-- PROVIDED DATA --
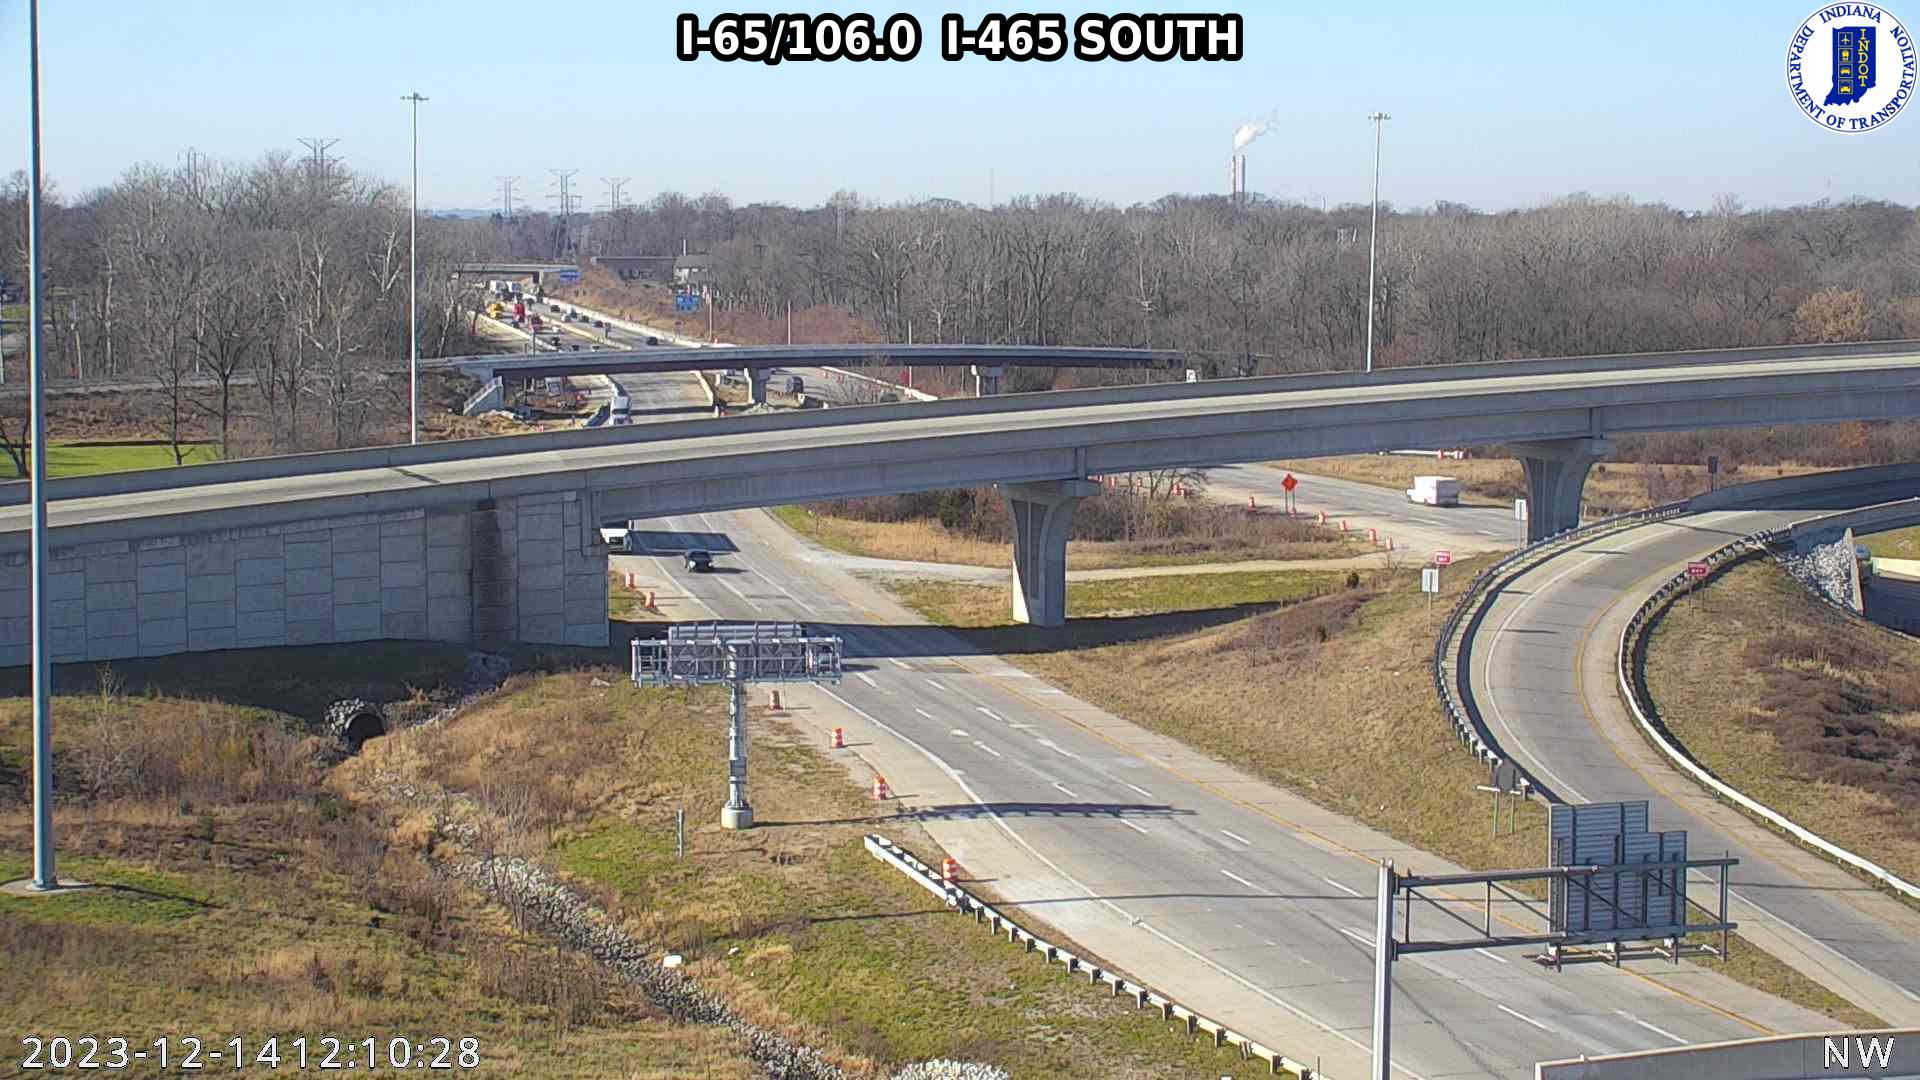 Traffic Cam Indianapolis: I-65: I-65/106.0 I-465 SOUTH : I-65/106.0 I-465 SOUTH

...

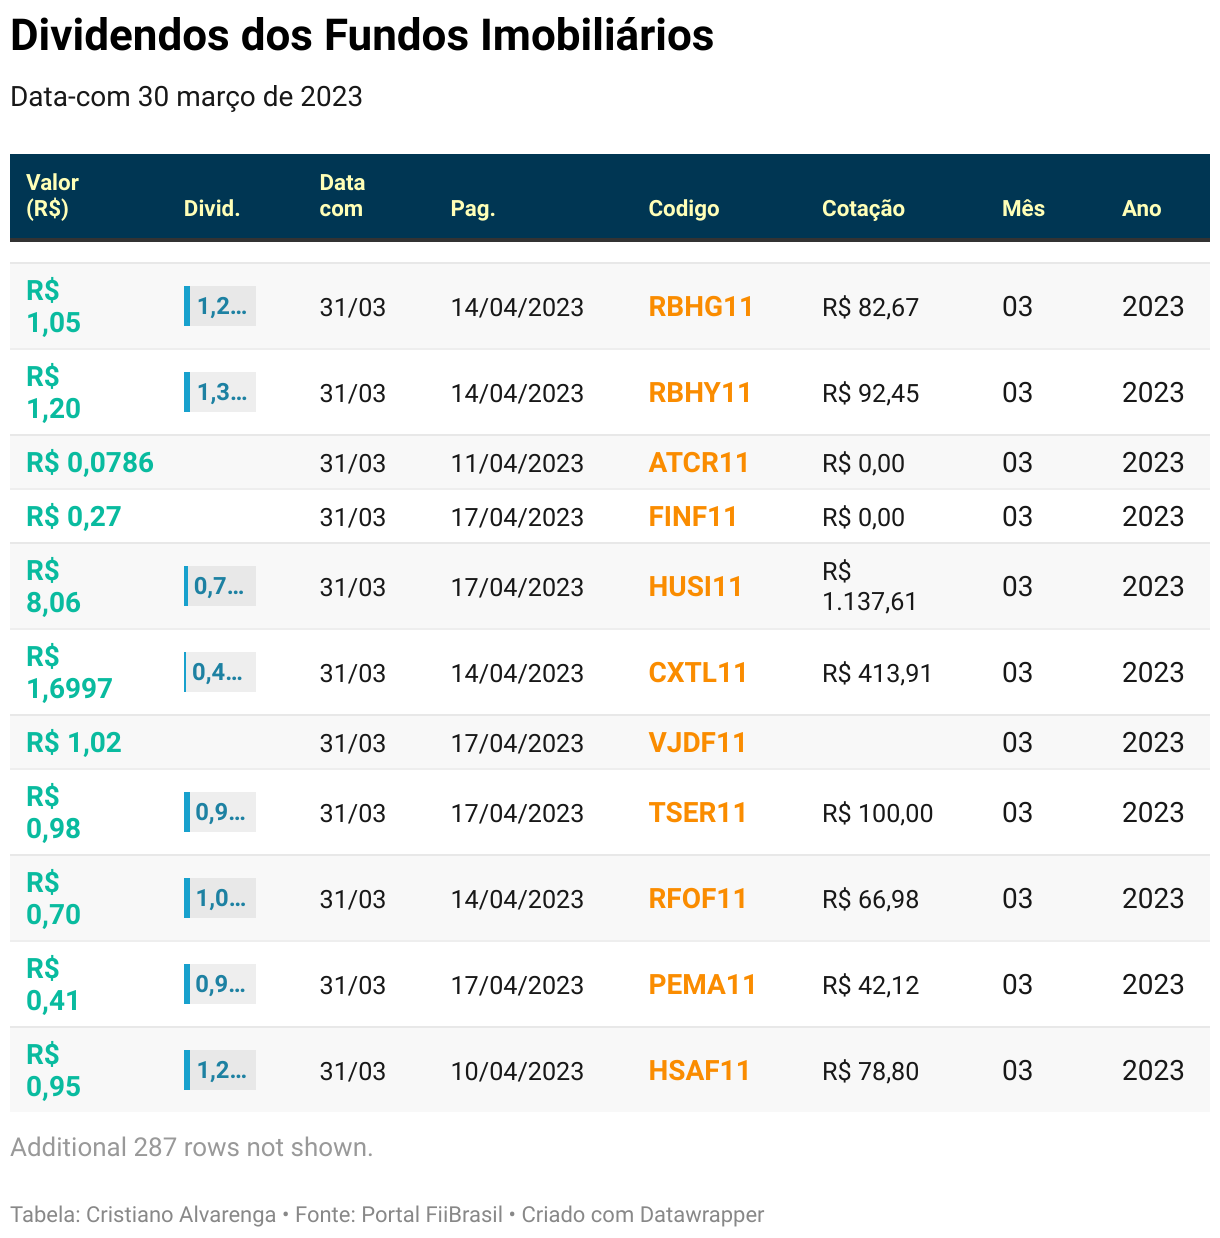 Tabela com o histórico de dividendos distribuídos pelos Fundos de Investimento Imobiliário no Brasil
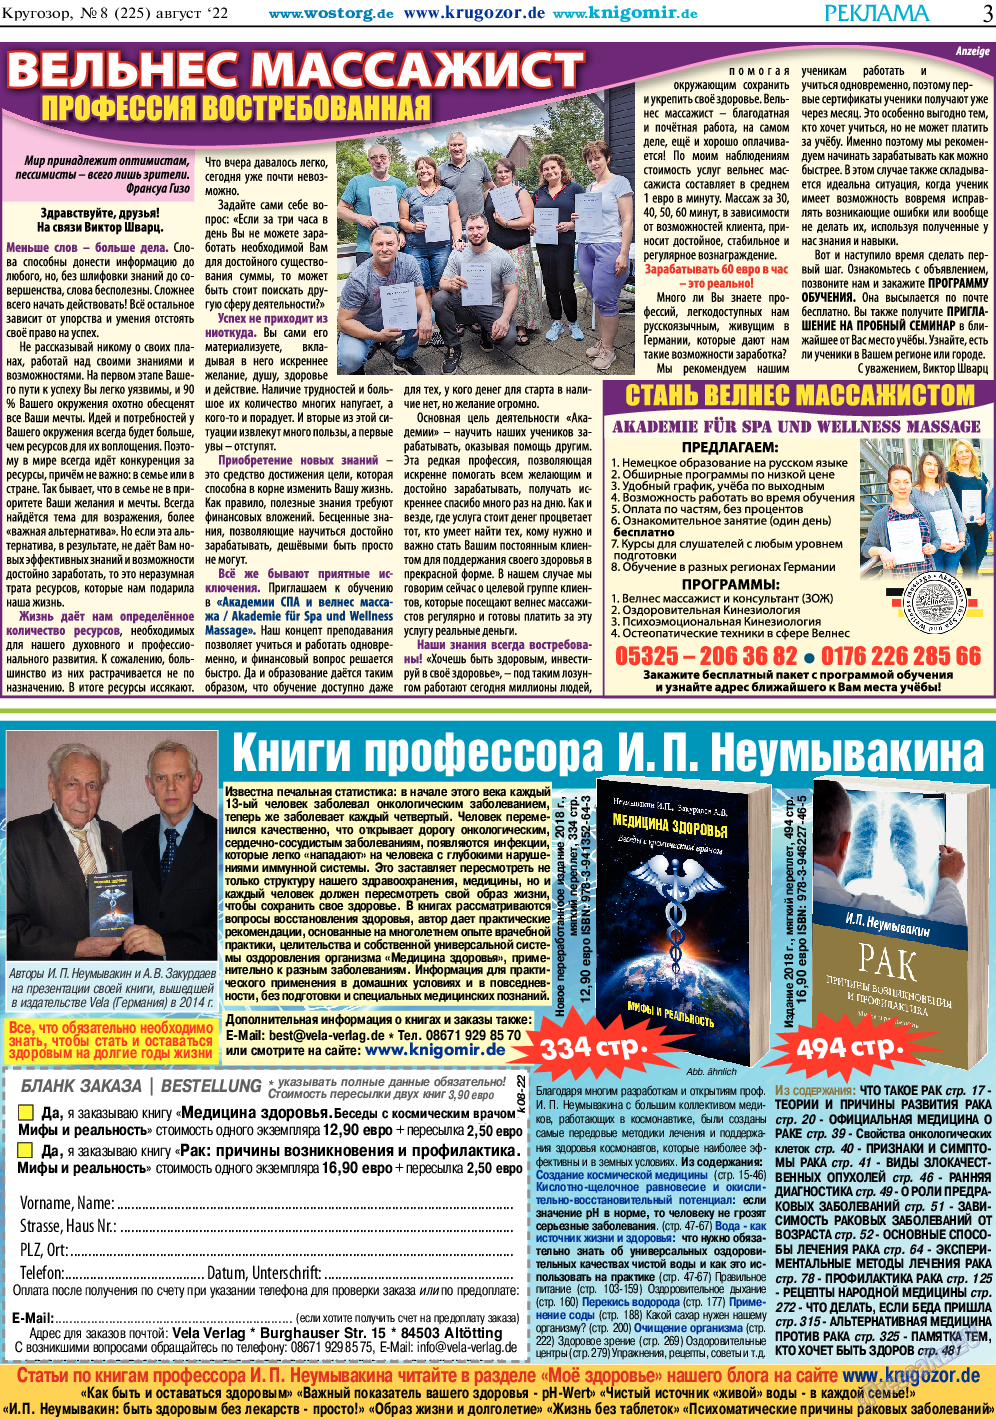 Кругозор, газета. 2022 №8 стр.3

-- YOUR ASSIGNMENT --
Within the listing above, the lines starting at the one containing "Tabela com o" and ending at the one containing "Кругозор, газета. 2022 №8 стр.3" are to be returned exactly. Omit the pictures.

-- RESULT OF THE TASK --
 Tabela com o histórico de dividendos distribuídos pelos Fundos de Investimento Imobiliário no Brasil
 Кругозор, газета. 2022 №8 стр.3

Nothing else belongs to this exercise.